=== INFORMATION SHOWN ===
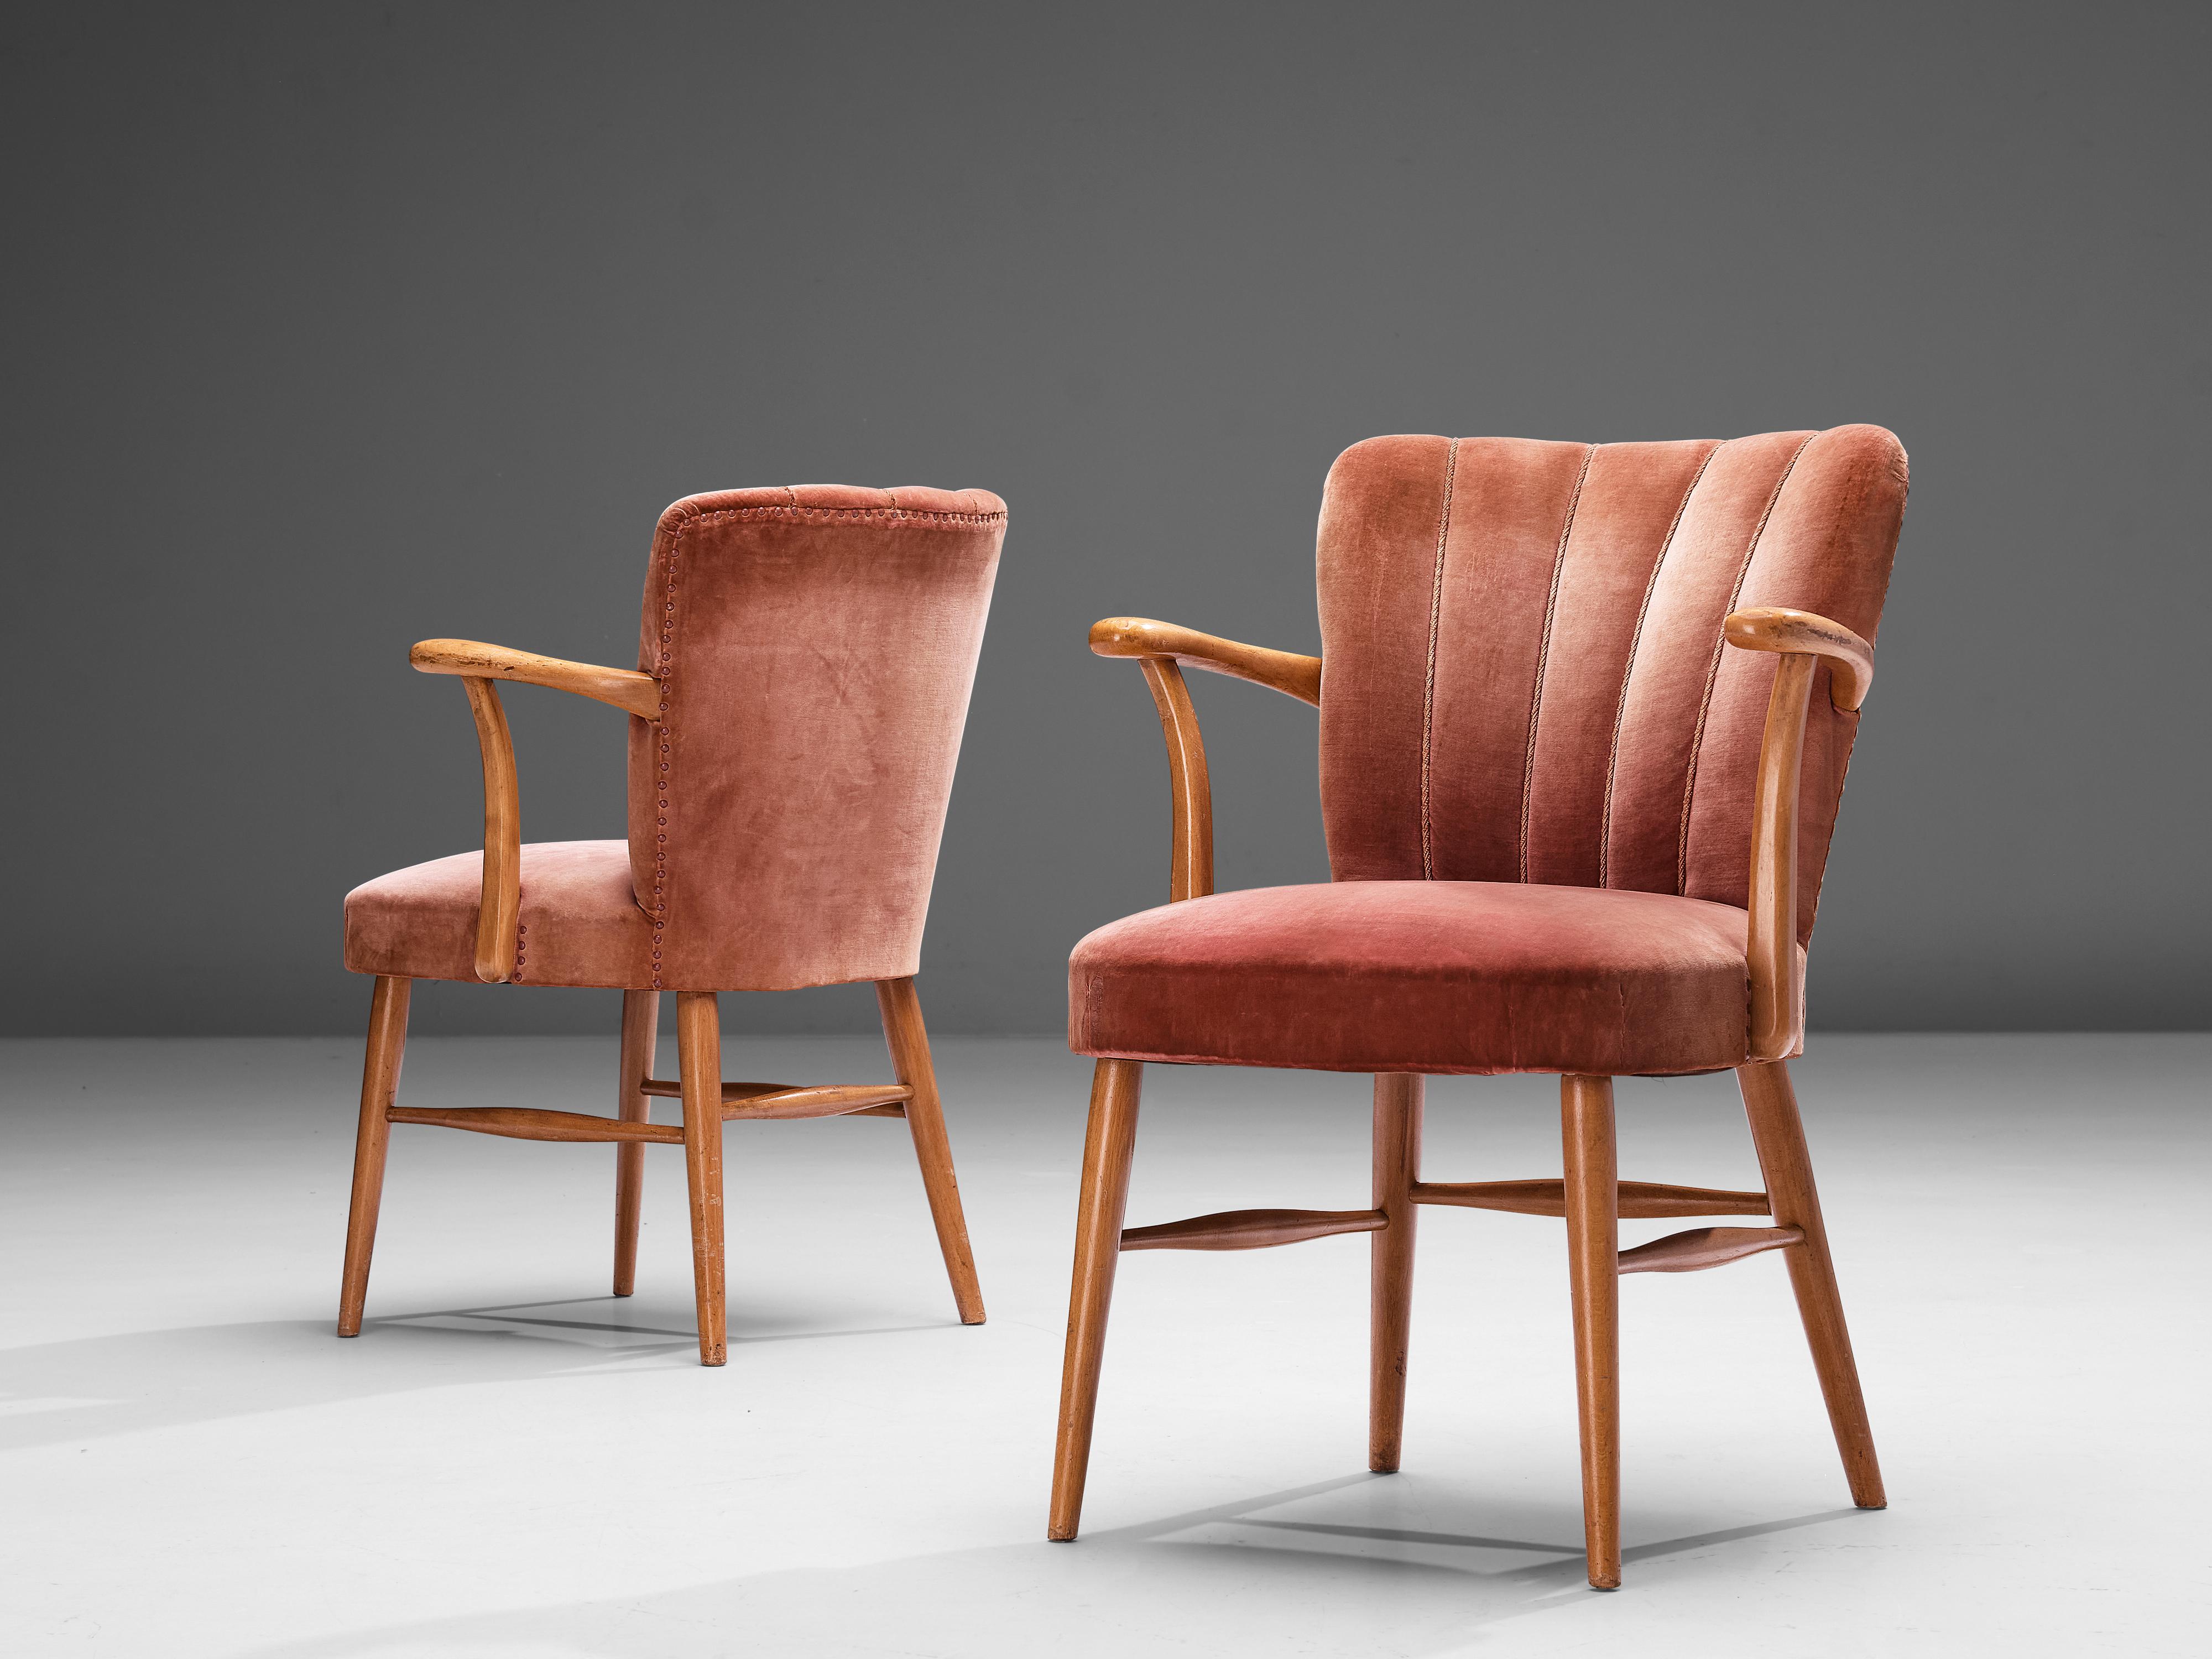 Armchairs, velvet, beech, brass, Europe, 1950s

Elegant armchairs in a soft pink velvet upholstery. A beech frame with armrests holds the seat and backrest that is highlighted with vertical lines ending in soft curves on top. The tufted lines
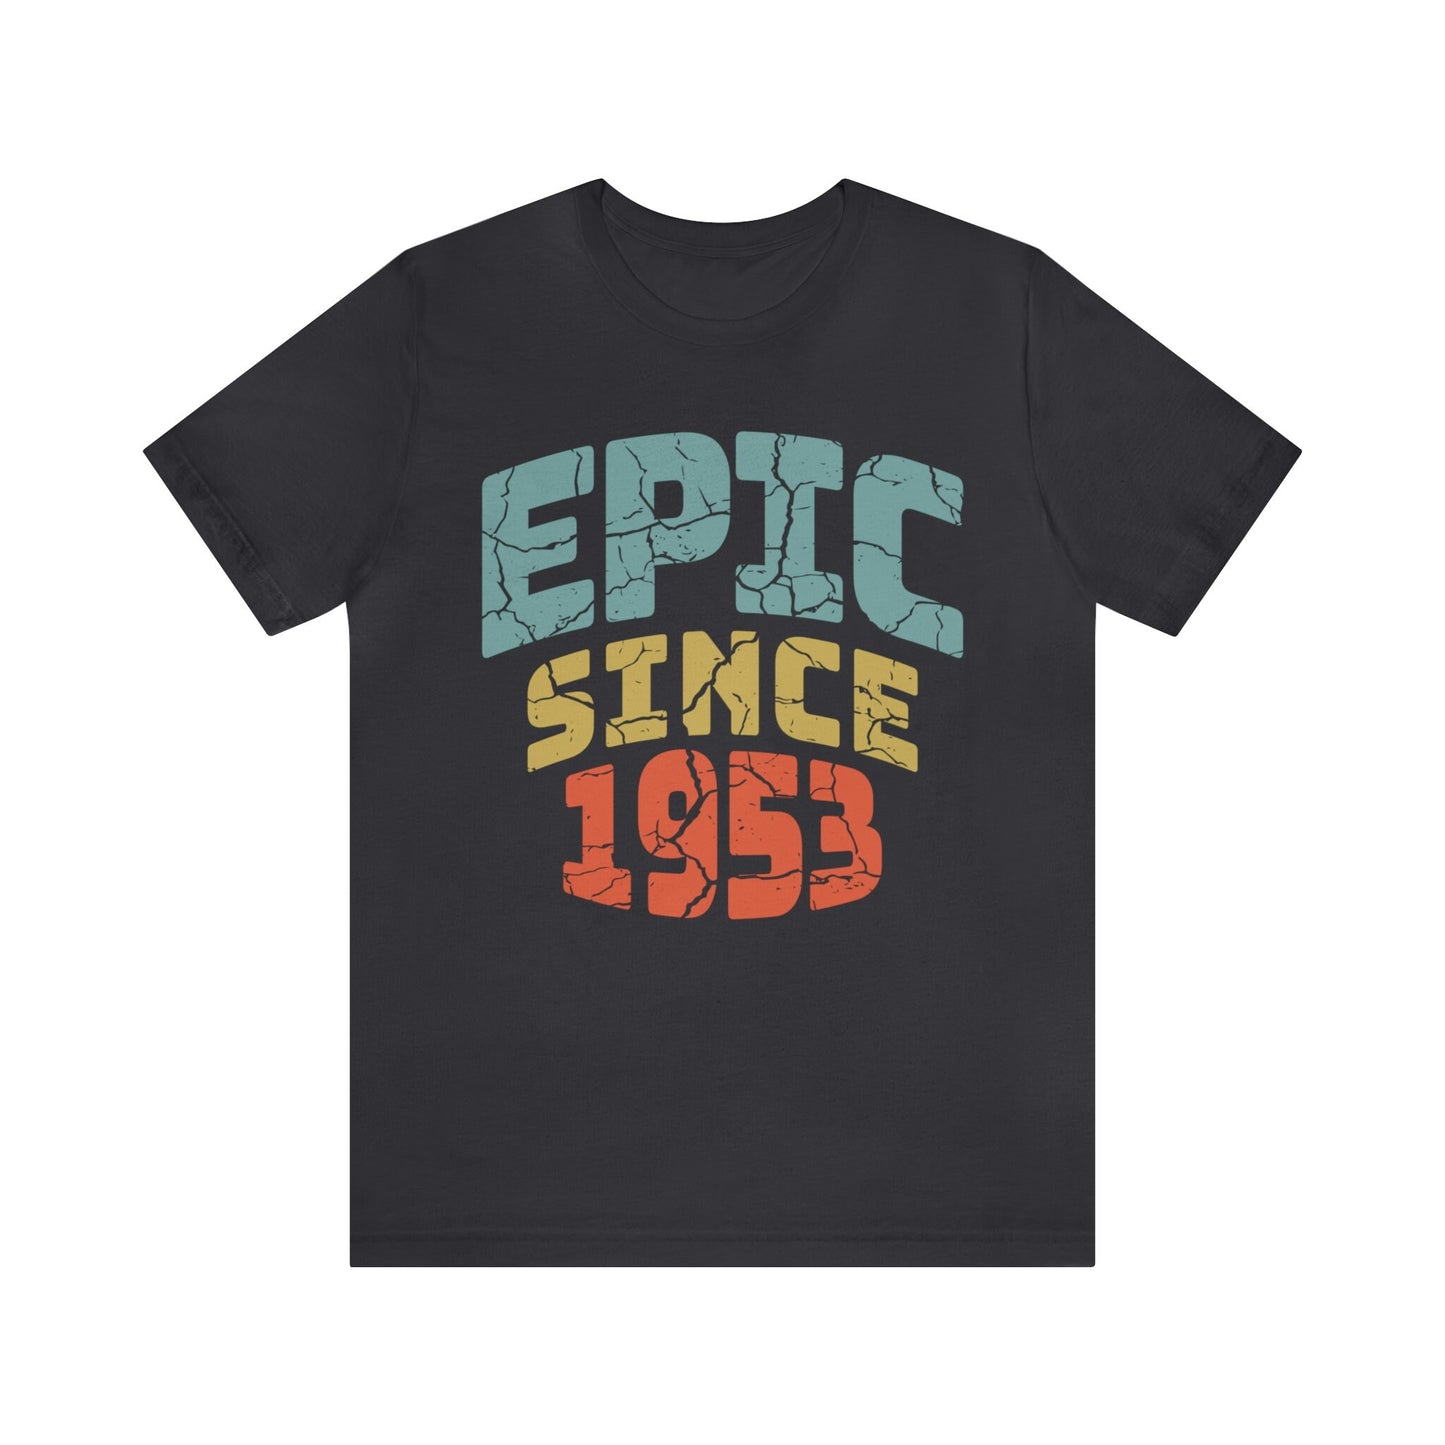 Epic Since 1953 birthday shirt for Men or Husband, Vintage Gift t-shirt for dad or father
===
EXERCISE GOAL: Please reproduce nothing but the lines from the one containing "Elegant armchairs in" through the closing line of the listing, retyped word for word, pictures excluded.

RESPONSE TO THIS EXERCISE:
Elegant armchairs in a soft pink velvet upholstery. A beech frame with armrests holds the seat and backrest that is highlighted with vertical lines ending in soft curves on top. The tufted lines
 Epic Since 1953 birthday shirt for Men or Husband, Vintage Gift t-shirt for dad or father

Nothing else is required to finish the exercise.